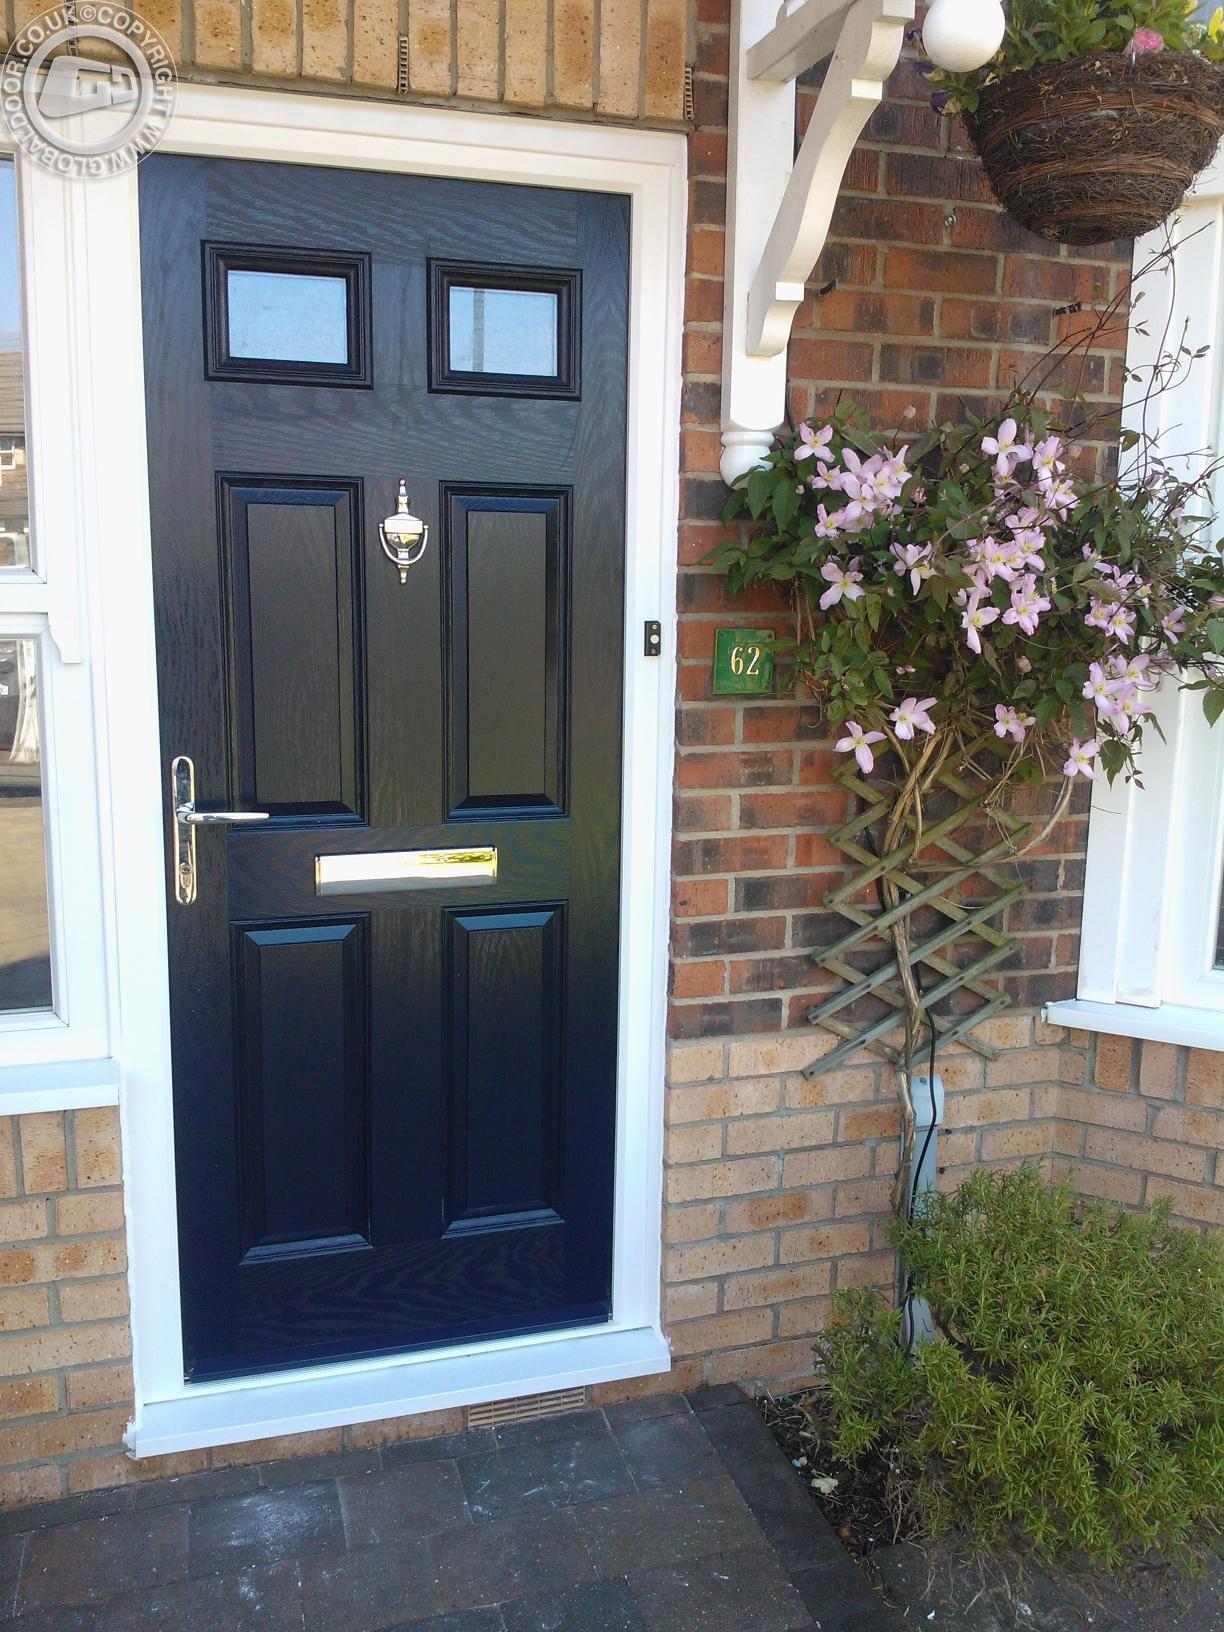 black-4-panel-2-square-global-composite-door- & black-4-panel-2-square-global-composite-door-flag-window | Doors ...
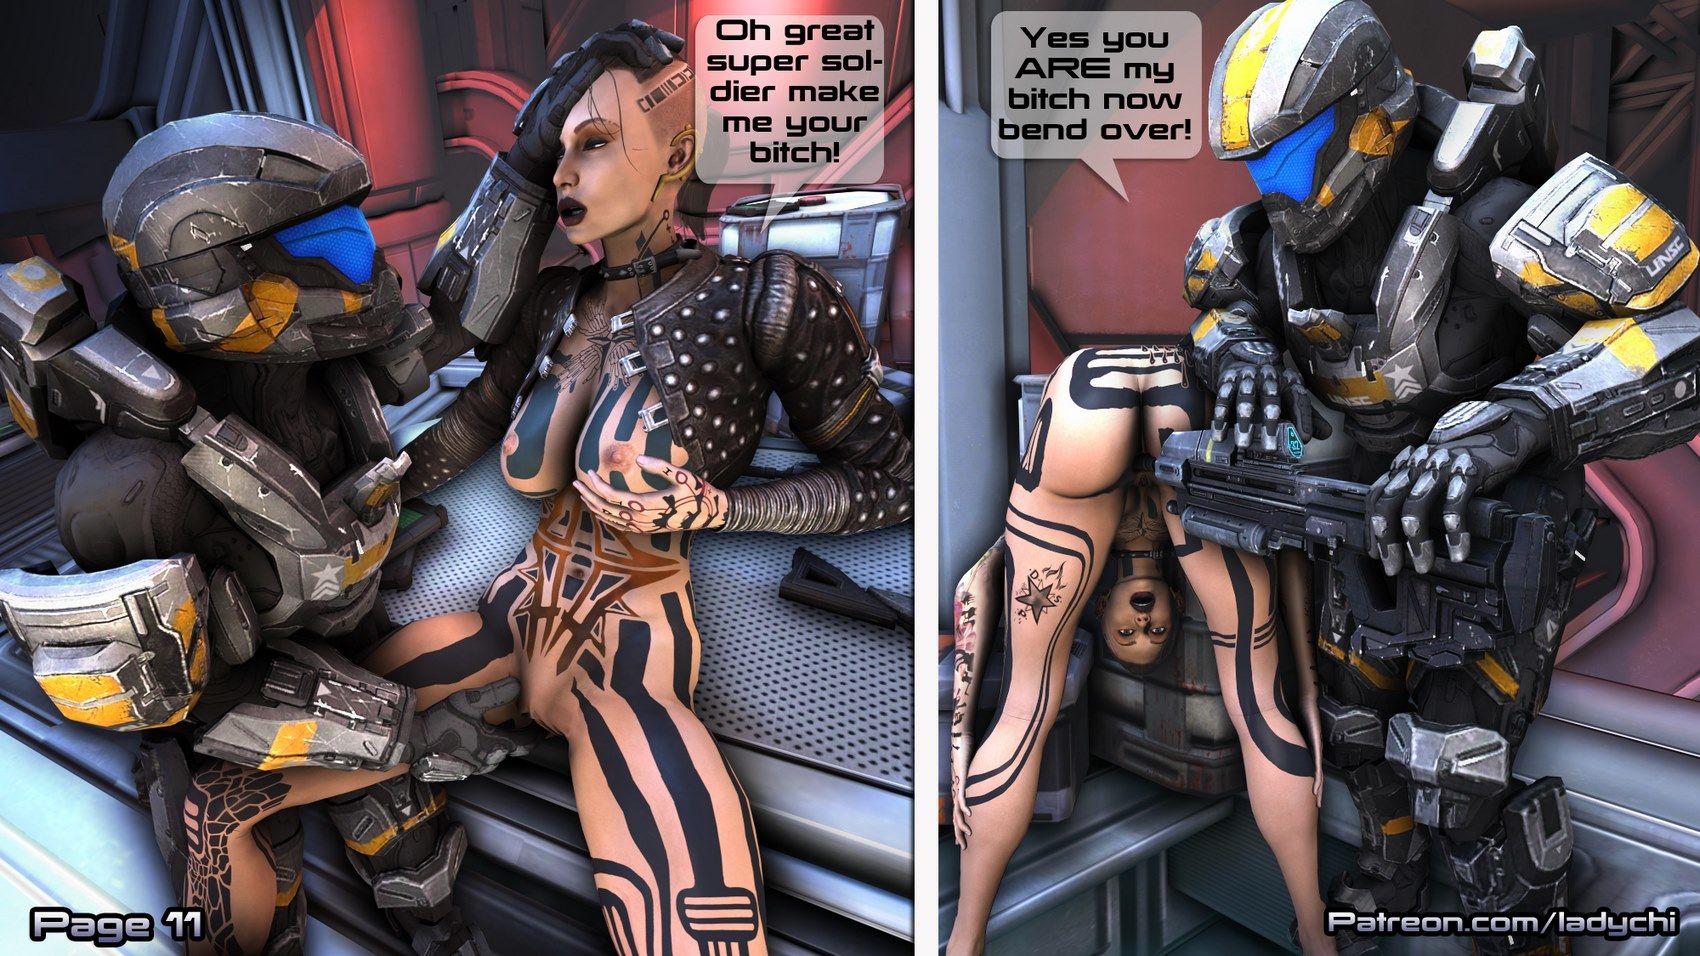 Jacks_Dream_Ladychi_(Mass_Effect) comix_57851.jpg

━━━━━━━━━━

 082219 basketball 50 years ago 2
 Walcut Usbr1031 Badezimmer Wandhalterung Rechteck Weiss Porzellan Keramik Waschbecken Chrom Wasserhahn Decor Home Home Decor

━━━━━━━━━━

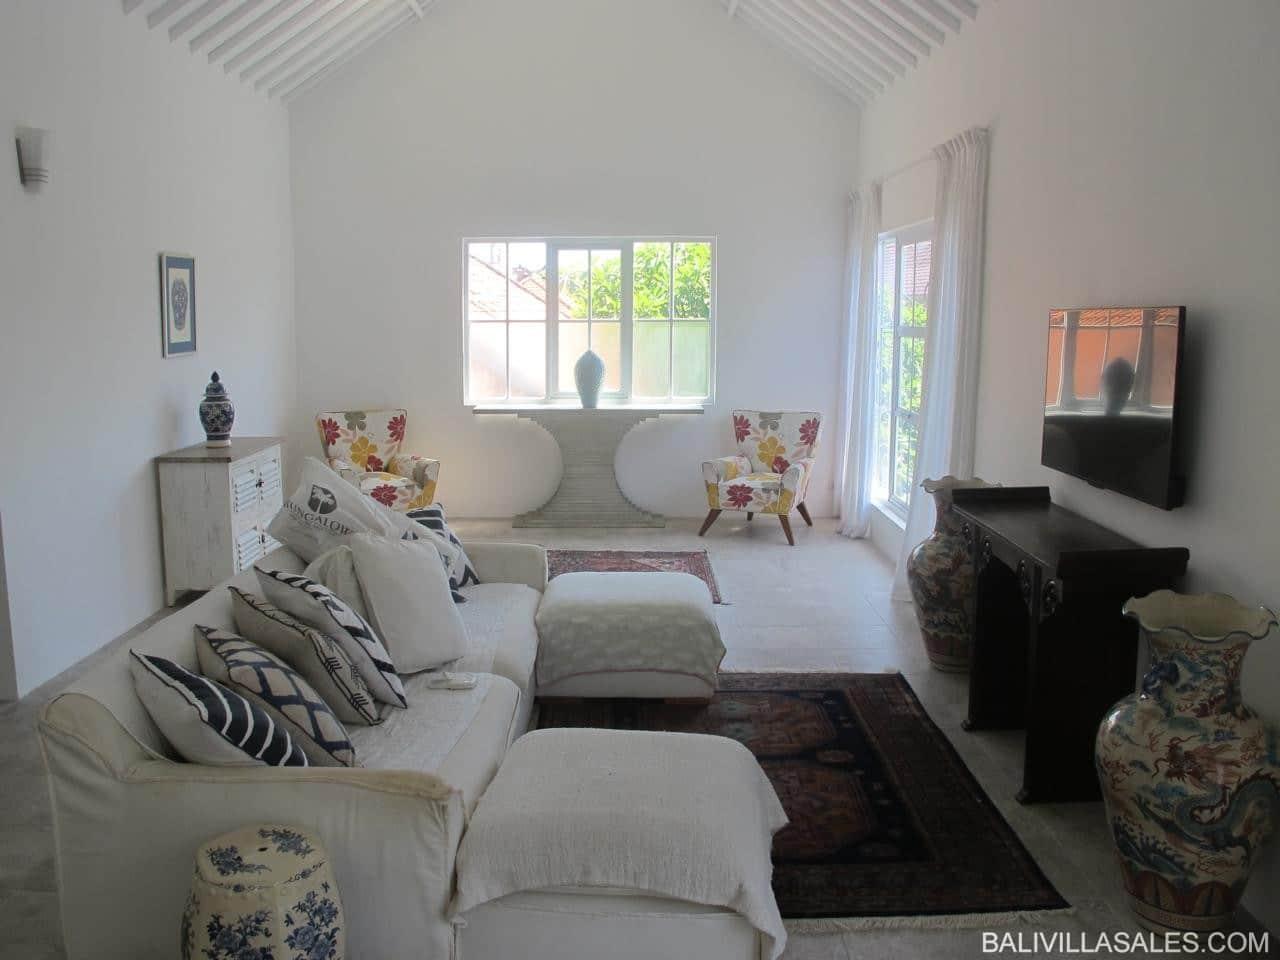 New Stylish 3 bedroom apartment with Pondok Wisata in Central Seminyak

━━━━━━━━━━

Your objective ▸ In the listing above, find the line containing "082219 basketball 50 years ago 2" and the line containing "Walcut Usbr1031 Badezimmer", then quote both, plus every line between them, exactly as written.

Solution to the problem ▸
 082219 basketball 50 years ago 2
 Walcut Usbr1031 Badezimmer Wandhalterung Rechteck Weiss Porzellan Keramik Waschbecken Chrom Wasserhahn Decor Home Home Decor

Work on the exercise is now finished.